Ce mouvement social a été l'un des sujets sur lequel "Backseat", une émission diffusée sur Twitch et présentée, en direct de la Fête de l'Humanité, par le streameur Jean Massiet, a porté la focale. Jean-Luc Mélenchon en était l'invité. L'ancien candidat à la présidentielle a été interrogé par Sasha Beckermann, ex-journaliste du "JDD", et Maud Vergnol, co-directrice de la rédaction de "L'Humanité", sur son "absence de soutien" aux journalistes grévistes "qui sont précaires et qui parfois travaillent là parce qu'ils doivent bouffer". "On peut faire cette nuance quand même, non ?", l'a lancé Maud Vergnol.
"Non, madame !", a répondu, catégorique, l'ancien député des Bouches-du-Rhône. "Parce qu'il y a un principe dans la vie. Morale et philosophie. (Cela) s'appelle la responsabilité individuelle. Si vous acceptez de travailler pour un journal qui crache dans la gueule des travailleurs et qui insulte les Insoumis, assumez-le !", a-t-il dégoupillé après avoir affirmé qu'il n'avait pas digéré le dernier numéro du "JDD" avant le rachat, qui contenait "une Une sur Mme Le Pen, ses progrès et le reste" et "une demi-page d'insulte contre les Insoumis".
"Quand vous dites quelque chose que nous condamnons, et pas une fois mais deux fois mais trois fois mais quatre fois mais cinq fois, ne venez pas pleurer dans notre gilet surtout, pour à la fin, faire quoi ? Un journal qui va donner la Une à Mme Le Pen, ce qui se faisait avant", a résumé Jean-Luc Mélenchon. Avant d'enfoncer le clou : "'Le 'JDD' se comportait comme un journal d'extrême droite et si 'Valeurs actuelles' coule, je m'en fous".
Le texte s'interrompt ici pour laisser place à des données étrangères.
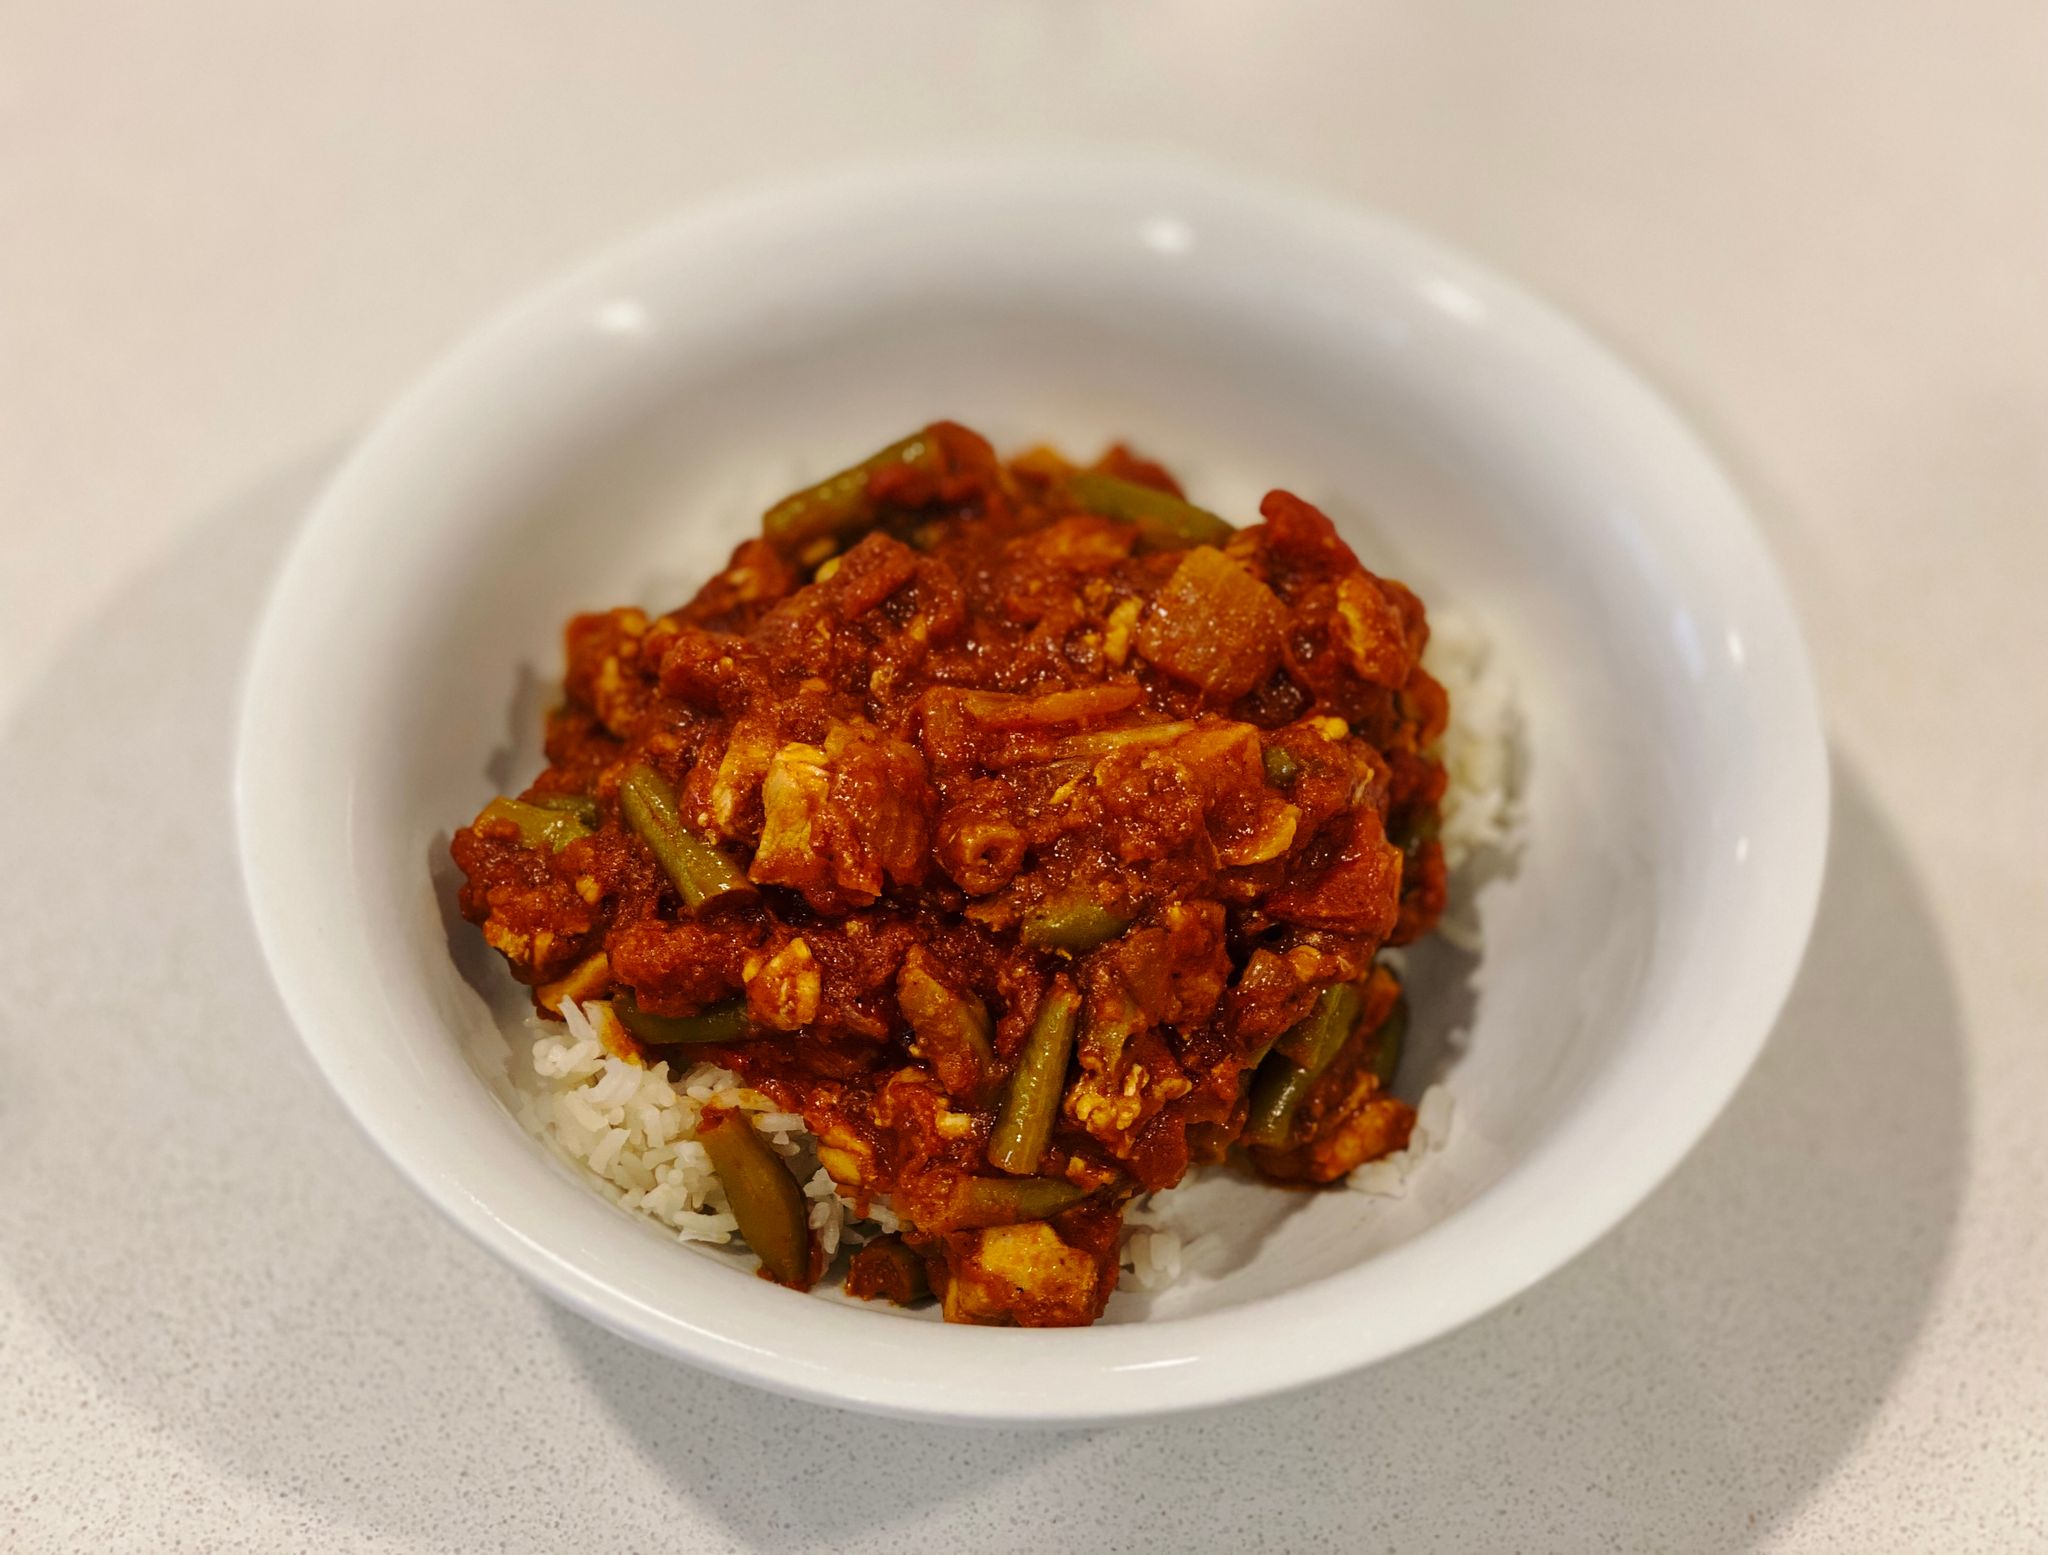 A photo of a bowl of tomato-based Indian chicken curry with green beans in it.

"Moi, j'assume mes idées ! Je les défends, je m'expose. Je me laisse insulter", s'est-il pris en exemple. "Alors, vous aussi, faites-en autant ! Défendez vos idées jusqu'au bout !", a-t-il scandé, ignorant la précarité du métier de journaliste et balayant d'un revers de la main le parallèle établi par Maud Vergnol, selon lequel il reprocherait de la même façon à des ouvriers de continuer à travailler "dans une boîte qui ferait des trucs pas beaux". "Non non, ça n'a rien avoir", a protesté Jean-Luc Mélenchon. puremedias.com vous propose de visionner la séquence. L'intégralité de l'émission est accessible ici.
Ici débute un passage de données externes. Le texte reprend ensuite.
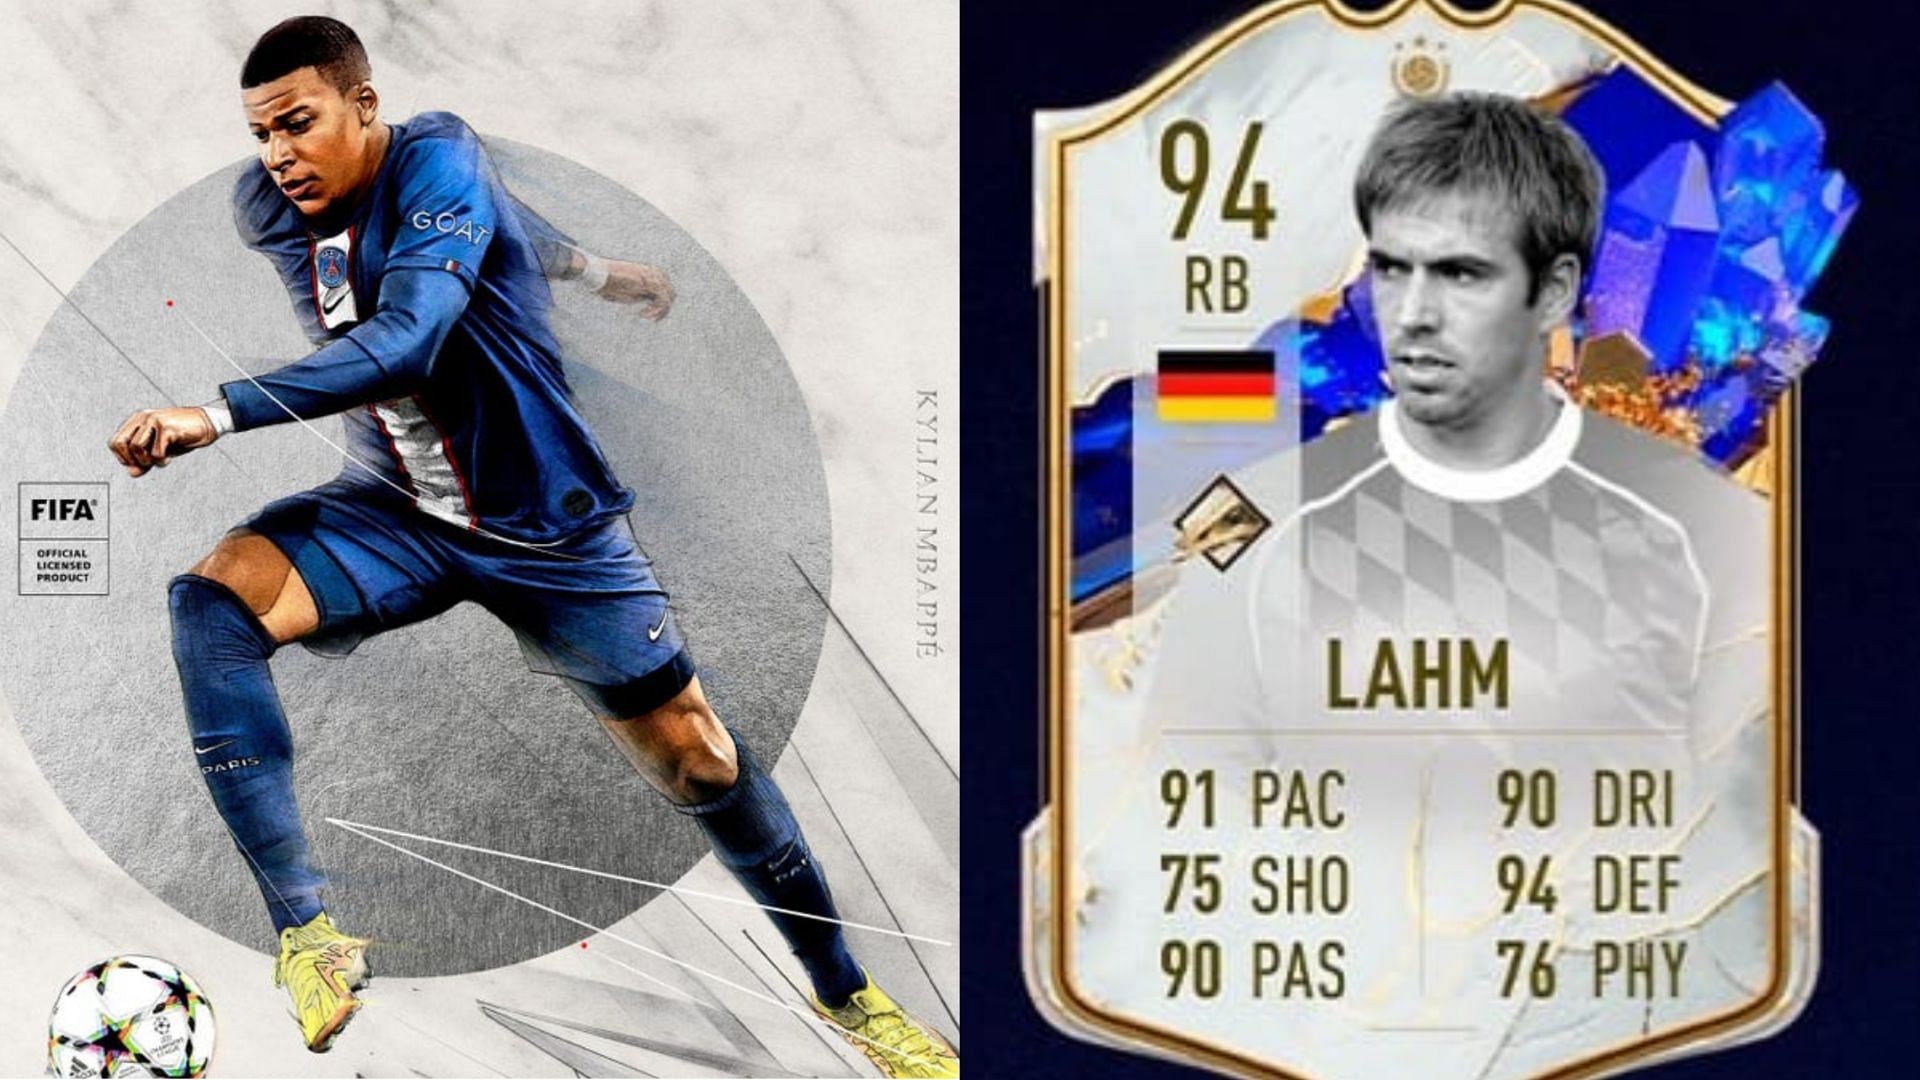 A special version of Philip Lahm

À l'issue de la grève et d'autant plus depuis la reprise de la publication du "JDD" le 6 août 2023, les partis politiques ont été sommés de se positionner et de déterminer si oui ou non ceux qui les composent acceptent oui ou non de se prêter à l'exercice de l'interview pour le compte du "JDD". Si Europe Écologie - Les Verts a fait le choix de les refuser systématiquement, du côté de la majorité présidentielle, c'était moins clair.
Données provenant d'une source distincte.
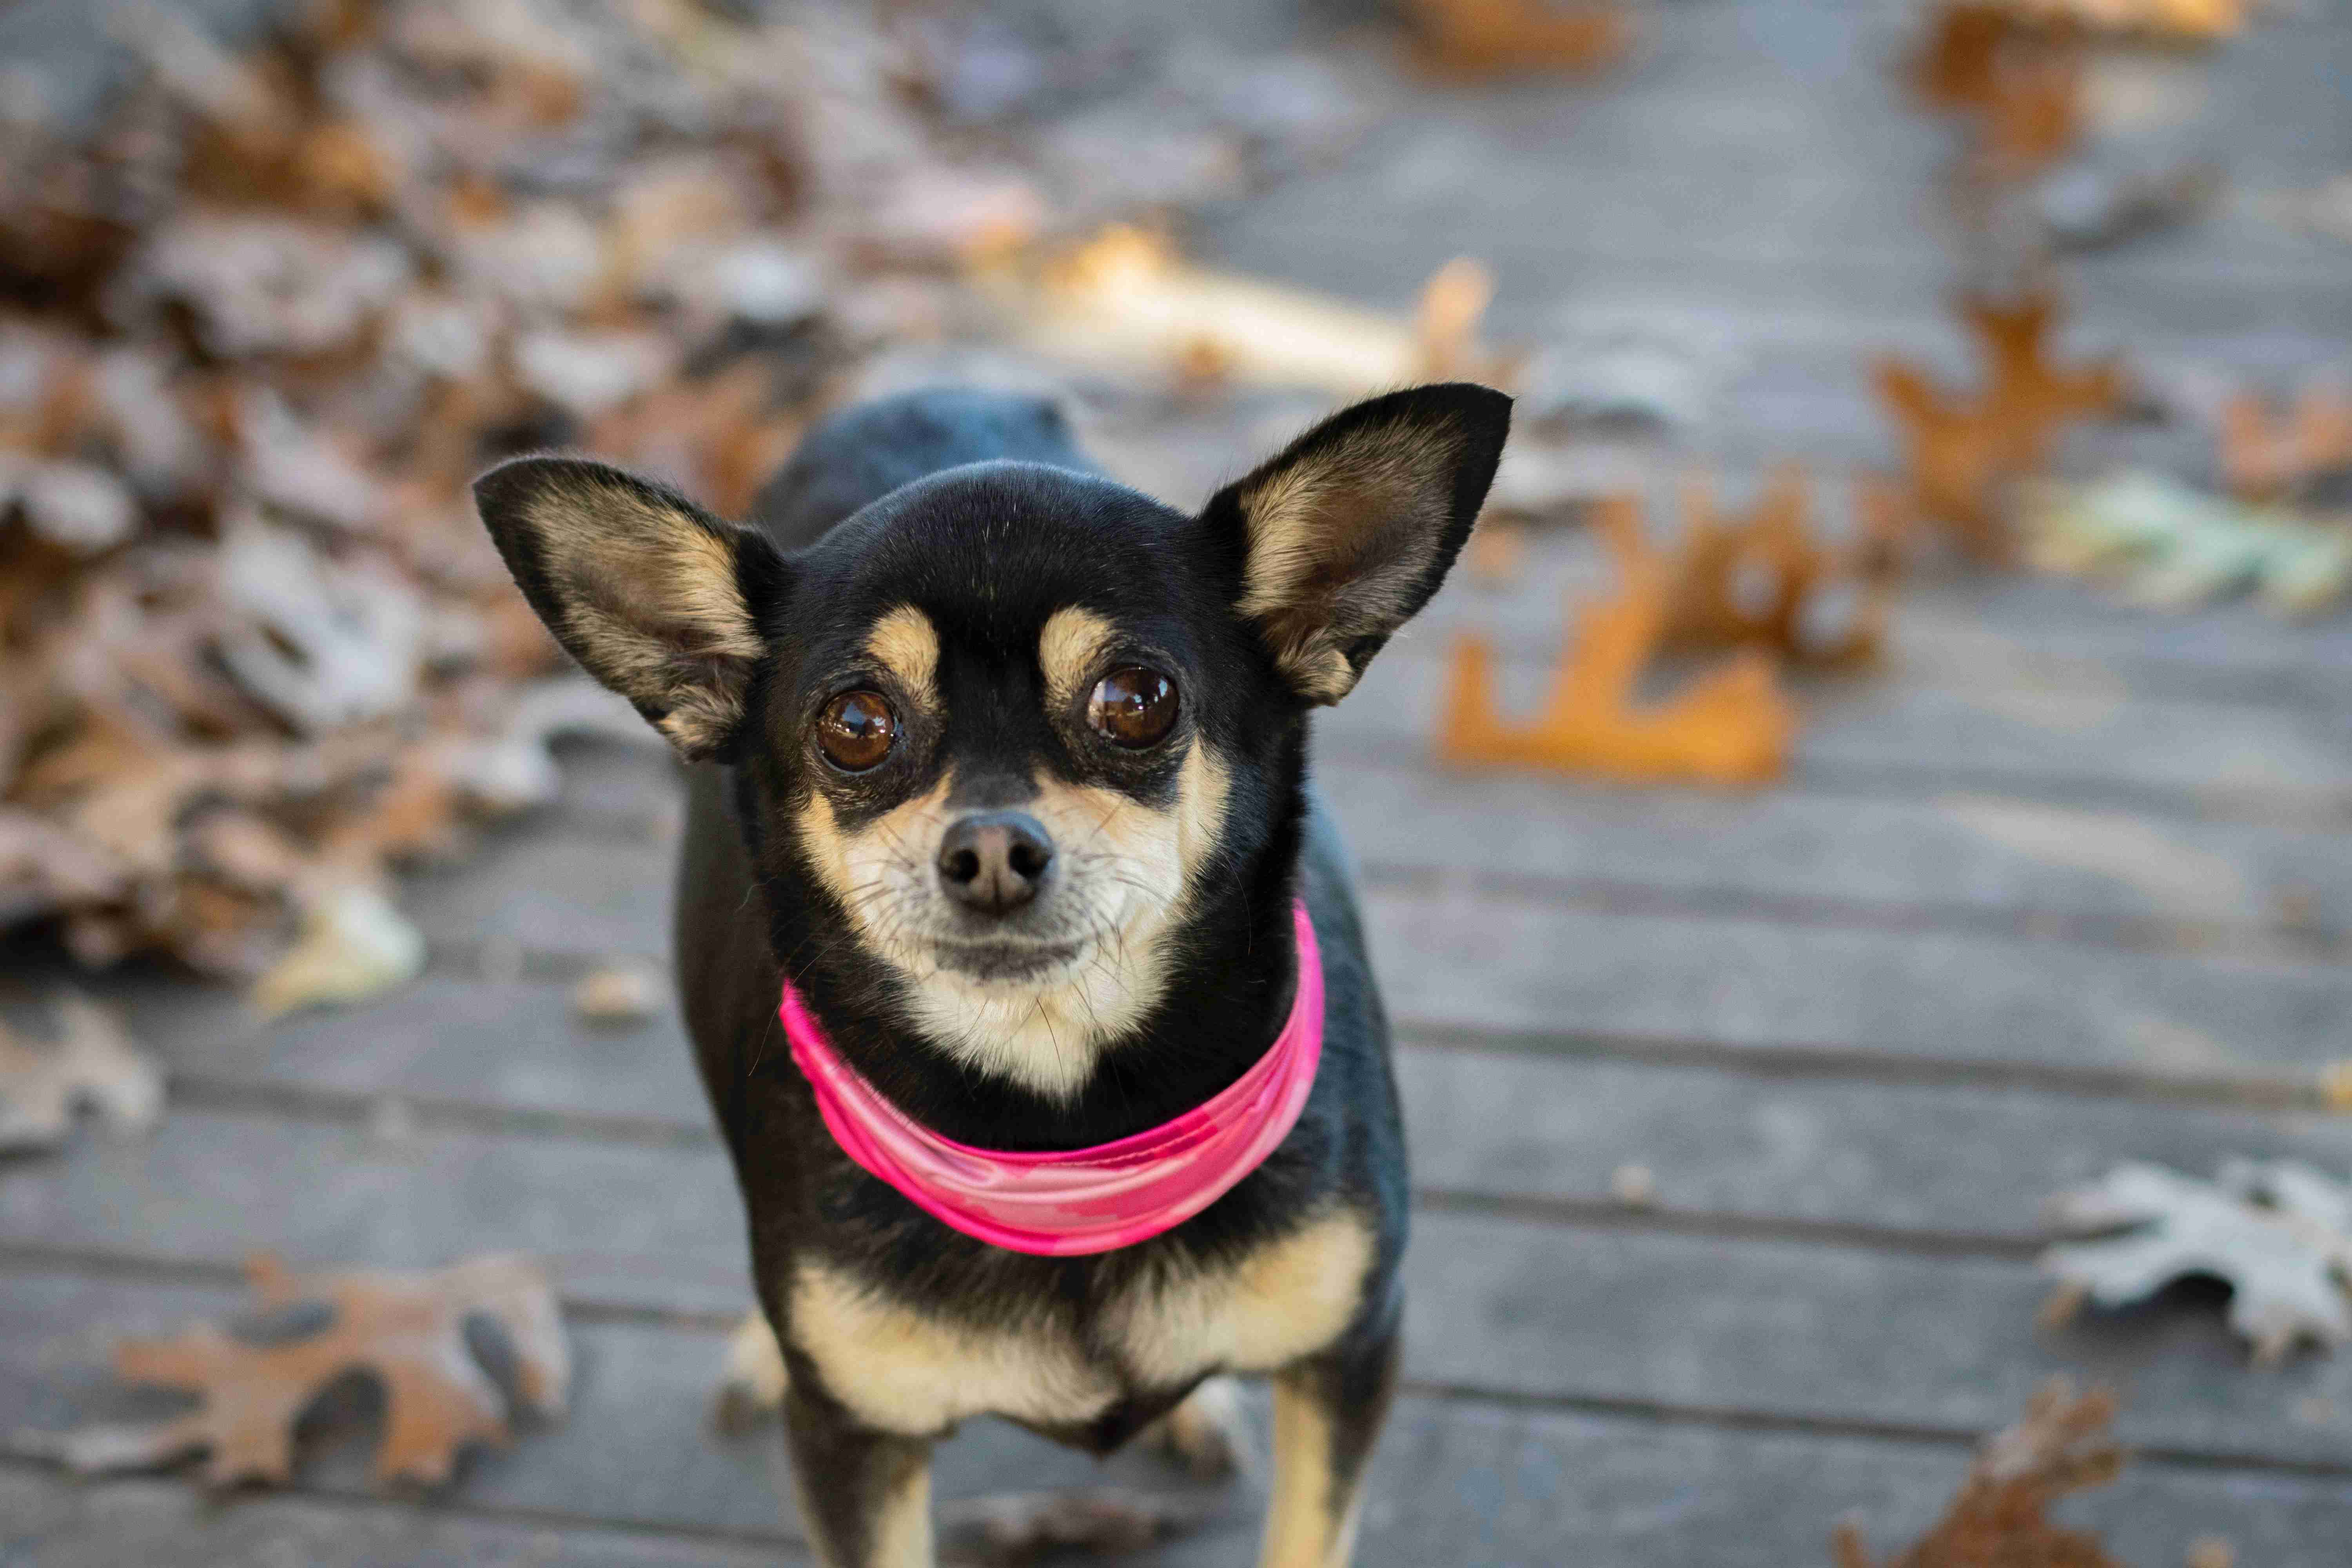 Are there any specific techniques to help a Chihuahua recover from an anger episode more quickly?

Le 10 août, Sylvain Maillard, président du groupe Renaissance à l'Assemblée, avait demandé à ses troupes de "ne pas participer à des articles' du 'JDD' tant que sa ligne éditoriale reste aussi 'inquiétante' que celle du premier numéro". Un premier numéro dans lequel était pourtant interviewée Sabrina Agresti-Roubache, la nouvelle ministre chargée de la Ville dans le gouvernement d'Élisabeth Borne.
Interrogée cette semaine par Paul Larrouturou, dans son nouveau format pour TF1 info, l'ancienne députée des Bouches-du-Rhône s'est défendue, précisant d'abord que le "JDD" "est un média autorisé". "Je considère que ce n'est pas au politique, quel que soit le politique, de dire si tel ou tel média est bien ou pas bien. Ce sont à ceux qui s'abonnent ou pas. Moi, je ne suis pas abonné au 'JDD' version Geoffroy Lejeune. Ce n'est pas ce que pense le journaliste qui m'interroge qui m'intéresse, ce qui m'intéresse, c'est la question qu'il va me poser et la réponse que je vais faire", a-t-elle déclaré. La consigne du patron du groupe Renaissance au Palais Bourbon n'avait pas empêché non plus Karl Olive, député Renaissance des Yvelines, de signer – sans qu'il y ait de conséquence pour lui – une tribune dans le "JDD" du 20 août.